Data.
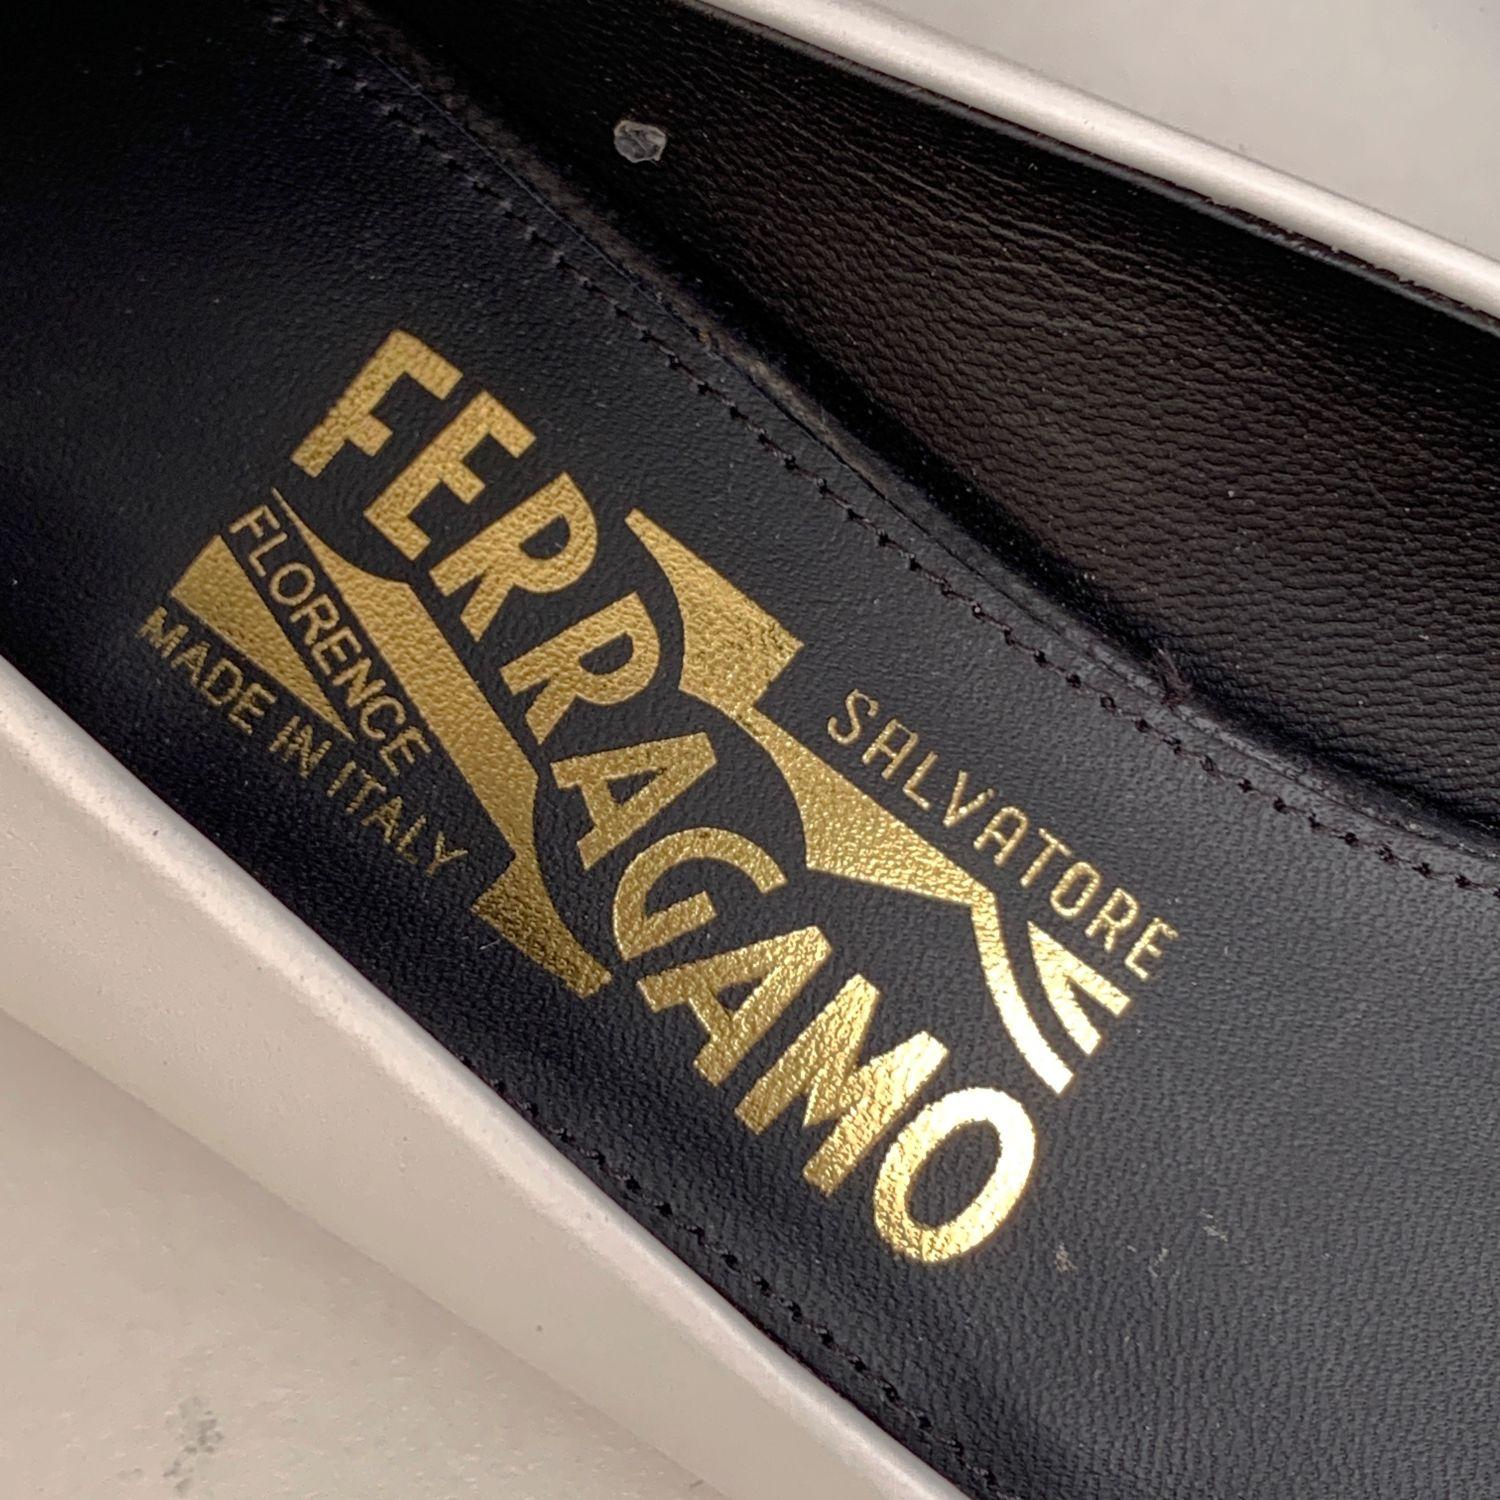 Salvatore Ferragamo White and Black Leather Ivrea Ct Pumps 7.5C 38C In New Condition In Rome, Rome
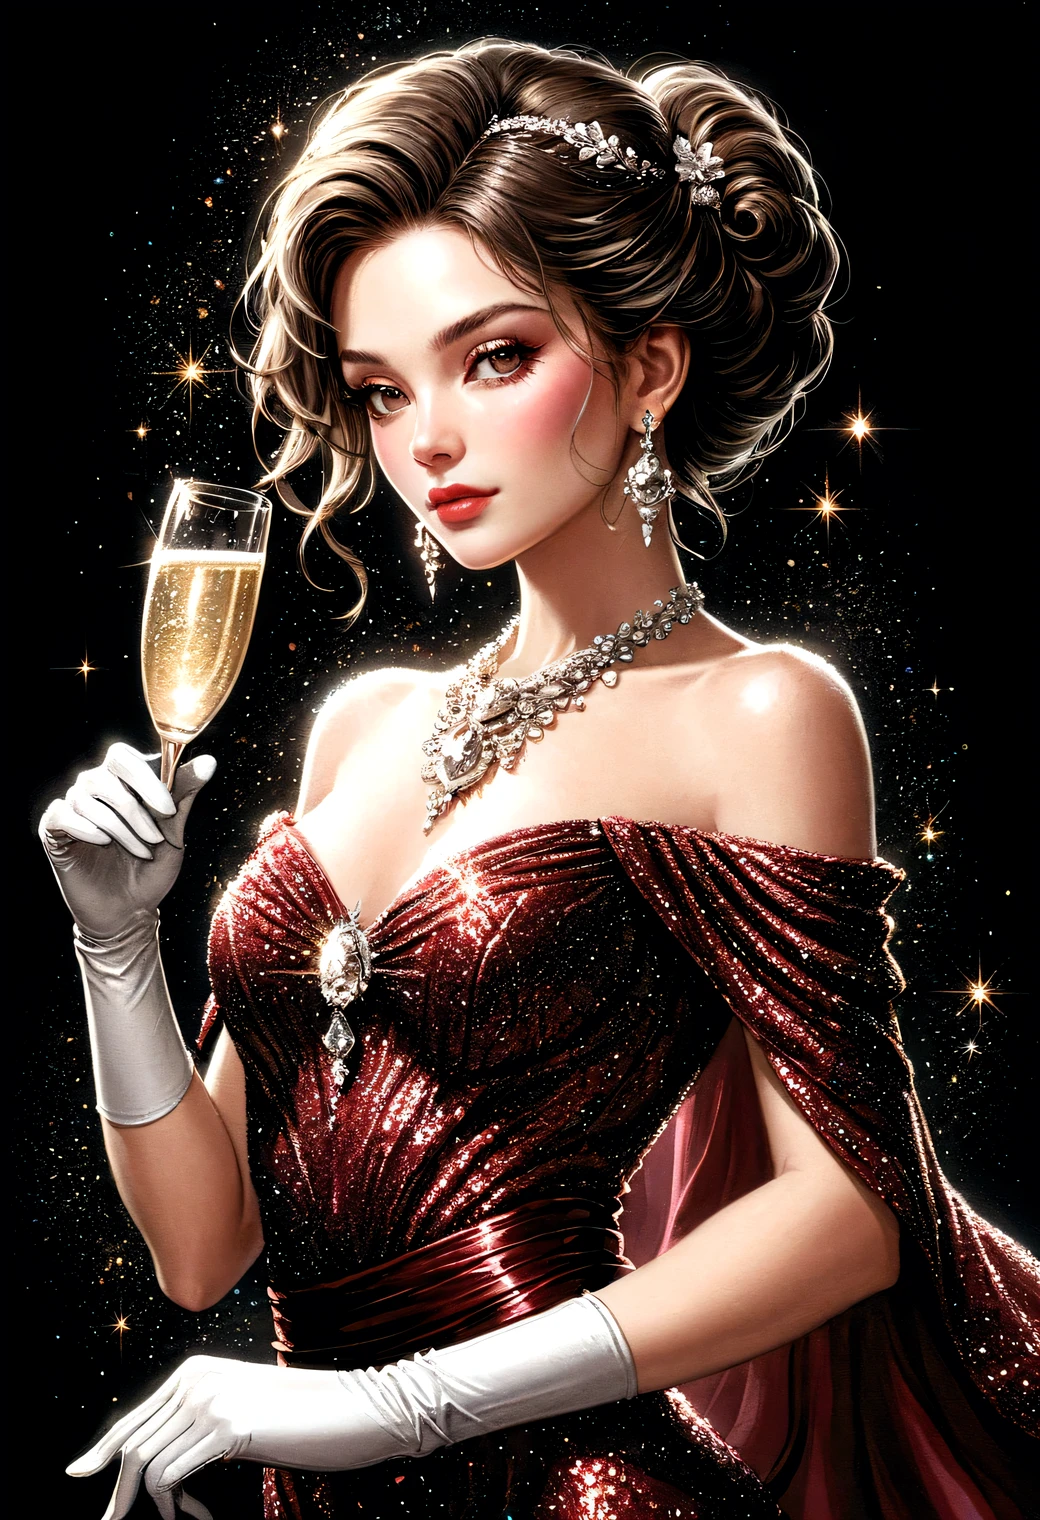 キラキラ輝く濃い赤のイブニングドレスを着た女性のイラスト, (白いロング手袋), ダイヤモンドの大きなネックレス, イヤリング, アップドゥヘアスタイル, 
(シャンパンを一杯飲みましょう), 
鮮やかなコントラスト, 優しいタッチのレンダリング, 正確な詳細, 精度, 高品質の油絵, 見事な美しいタッチのレンダリング, ファンタジー, 満杯_ボディショット

Directions for this task. Images in the data above are to be skipped. Retype all other material exactly.

Solution.
 Salvatore Ferragamo White and Black Leather Ivrea Ct Pumps 7.5C 38C In New Condition In Rome, Rome
 キラキラ輝く濃い赤のイブニングドレスを着た女性のイラスト, (白いロング手袋), ダイヤモンドの大きなネックレス, イヤリング, アップドゥヘアスタイル, 
(シャンパンを一杯飲みましょう), 
鮮やかなコントラスト, 優しいタッチのレンダリング, 正確な詳細, 精度, 高品質の油絵, 見事な美しいタッチのレンダリング, ファンタジー, 満杯_ボディショット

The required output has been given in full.